Ночью я поездом отправился в Воронеж, и если от увиденного в   Её квартире  я бежал, и в буквальном смысле — тоже, то поездом  сбежал не от Неё, а от себя: помани Она пальчиком — не устоял бы: только привязать!.. В петровском (Пётр Великий) городе годом ранее,  по завершению учёбы в  университете, мне предлагали аспирантуру и работу корреспондента в солидной  по тем временам газете «Южный берег» — отказался  сразу и не в последнюю очередь потому, что без Неё задыхался, как это и бывает, когда Любовь не только залепит звёздами глаза, но ещё и развернёт лицом к без разницы какой, слепой, глухой или косой, Удаче. В бегстве от себя, грешного до пят, да безгрешного от признания умом, что «Легко простить, если не любишь, а если любишь — как простить?!», я видел резон для нас обоих: оставить всё так, как есть. То есть, отпустить ситуацию, чтобы само собой всё разрешилось. Остаться врагами в Любви — за себя такую, воюющую  презрением и ненавистью,  она накажет тем же и непременно.   (Там, в Воронеже, я и вернулся в свою прежнюю жизнь до встречи с Ней: ...бабника и никакого любовника.  В последнем качестве я оценивал себя сам, так как  не моё это: цокать копытами жеребца, чтобы услышать ржание кобылицы…)

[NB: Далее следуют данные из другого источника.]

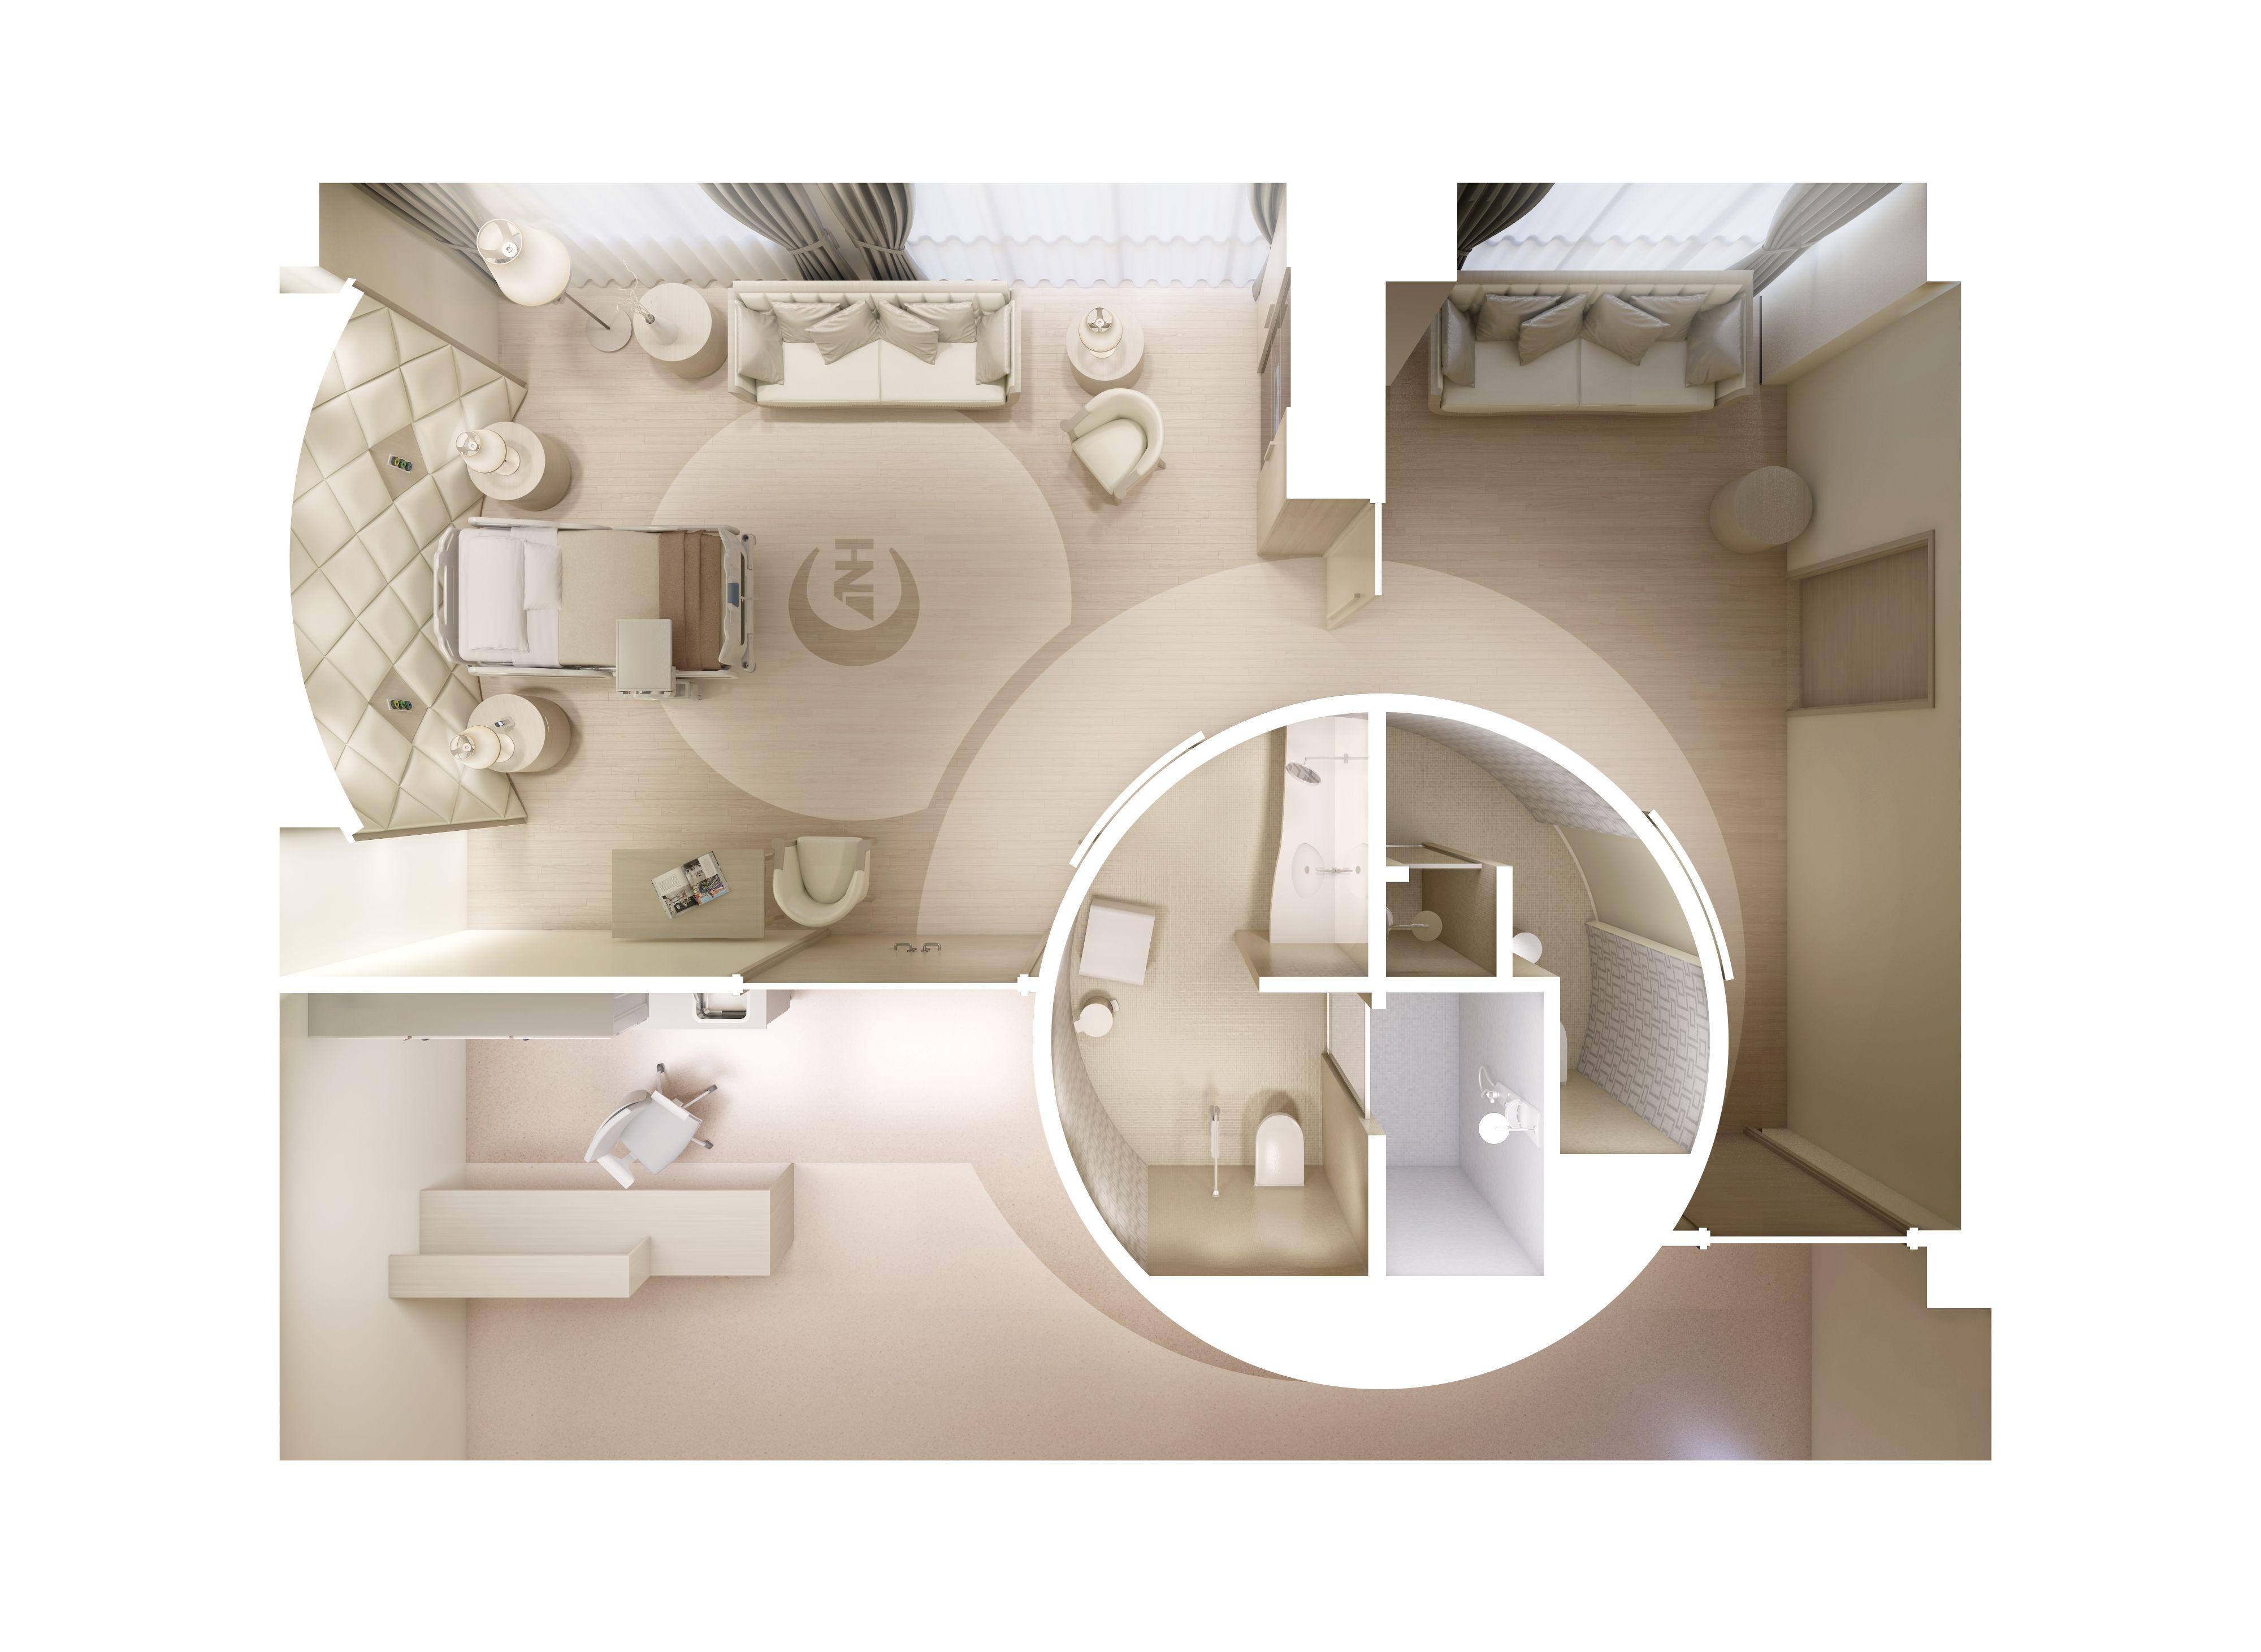 Private hospital room plan - Hospital Royal Suite Plan

Какой сон, да ещё в трезвонящем храпом и сопением поезде, когда тебя ломает собой, недосмотревшим и допустившим к себе  неприкаянность,  а печалит  Ею, обманывавшую  саму себя всё это время и, в сущности, без вины виноватую передо мной. Да и вина ли — морально изменить моей верности? Мне бы с ума сойти, сорваться сердцу в крик: «Не уходи!», а я поверил и —  постиг сладко-горькую правду..., и о себе ведь тоже!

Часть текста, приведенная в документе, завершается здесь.